Thursday, June 07, 2007

Nova

I only heard about Radar Networks for the first time last year when conversing with Peter Royal. Being in "stealth mode" (I dislike this form of corporate speak, but it avoids pleonasms) there wasn't a lot to learn about them, except that they're working with various technologies tied up with the Semantic Web.

Nova Spivack is a name I only started to hear in more recent times, though I'm sure if I'd been in the Valley (or even the USA), then I think I'd have heard of him by the mid 90's. It was only during SemTech that I got to hear him speak for the first time, but since then I've started going back through his blog, and just now heard his interview with Paul Miller at Talis. If you want to know more about Nova, then I recommend the interview, just for the background list of projects he's been involved in during his career.

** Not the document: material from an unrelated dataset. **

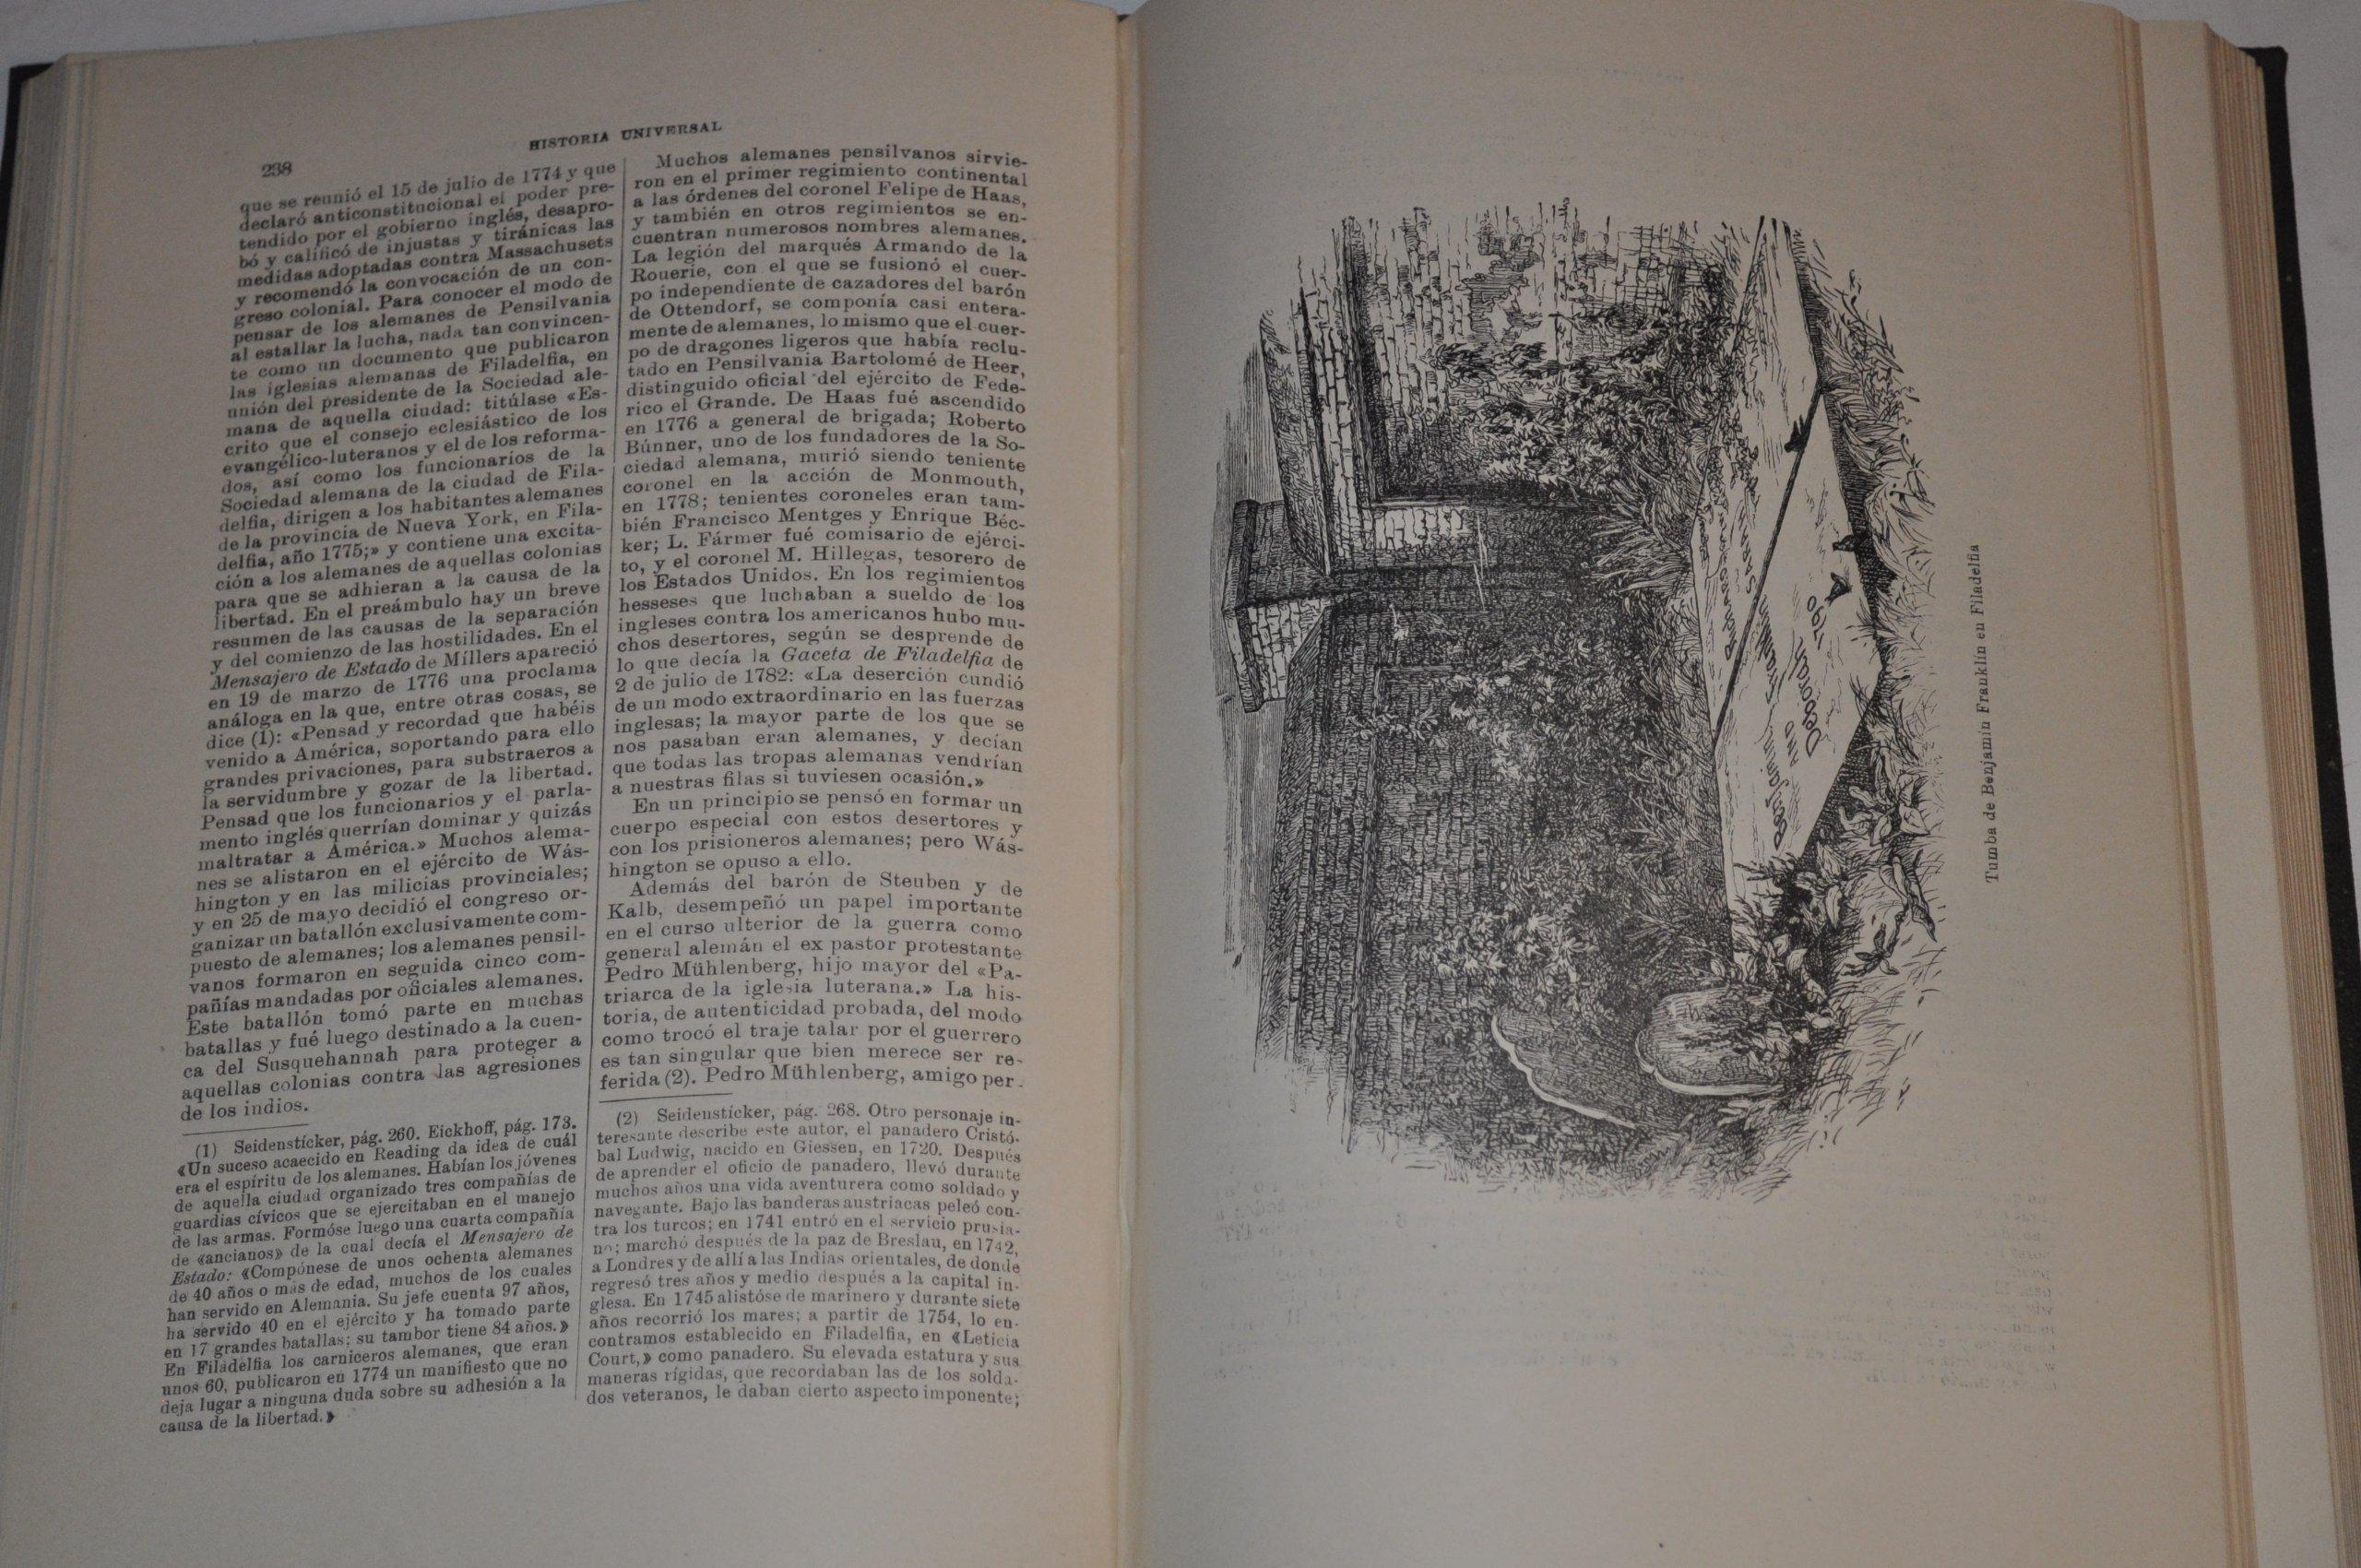 Historia Universal. Tomo XXXVII.: Amazon.es: GUILLERMO ONCKEN (DIR.): Libros

The fact that Nova had been at Thinking Machines caught my attention, for no other reason than the presence of Richard Feynmann. I have to digress here, because Feynmann is one of my greatest luminaries. The entire reason I studied physics (and would like to get back to it one day) can be traced back to Einstein and Feynmann (with a little nudge from Shor). Danny Hillis's essay on Feynmann has stayed with me for years. I had already read a lot about Feynmann, but this essay gave him a characterization you don't usually find elsewhere. It shows him as a person who had his flaws, but someone who thought no more of himself, nor less of others. The two things that really stuck with me from Hillis's essay were Feynmann's solution of a digital problem using PDE's (no wonder the man was my hero!), and a comment made about him by a recipient of his occasionally sexist behavior, when she said, "On the other hand, he is the only one who ever explained quantum mechanics to me as if I could understand it."

Thinking Machines did some really cool things, and even without Feynmann (Sr) the company is worth mentioning purely on its own merit. So Nova's presence there impressed me.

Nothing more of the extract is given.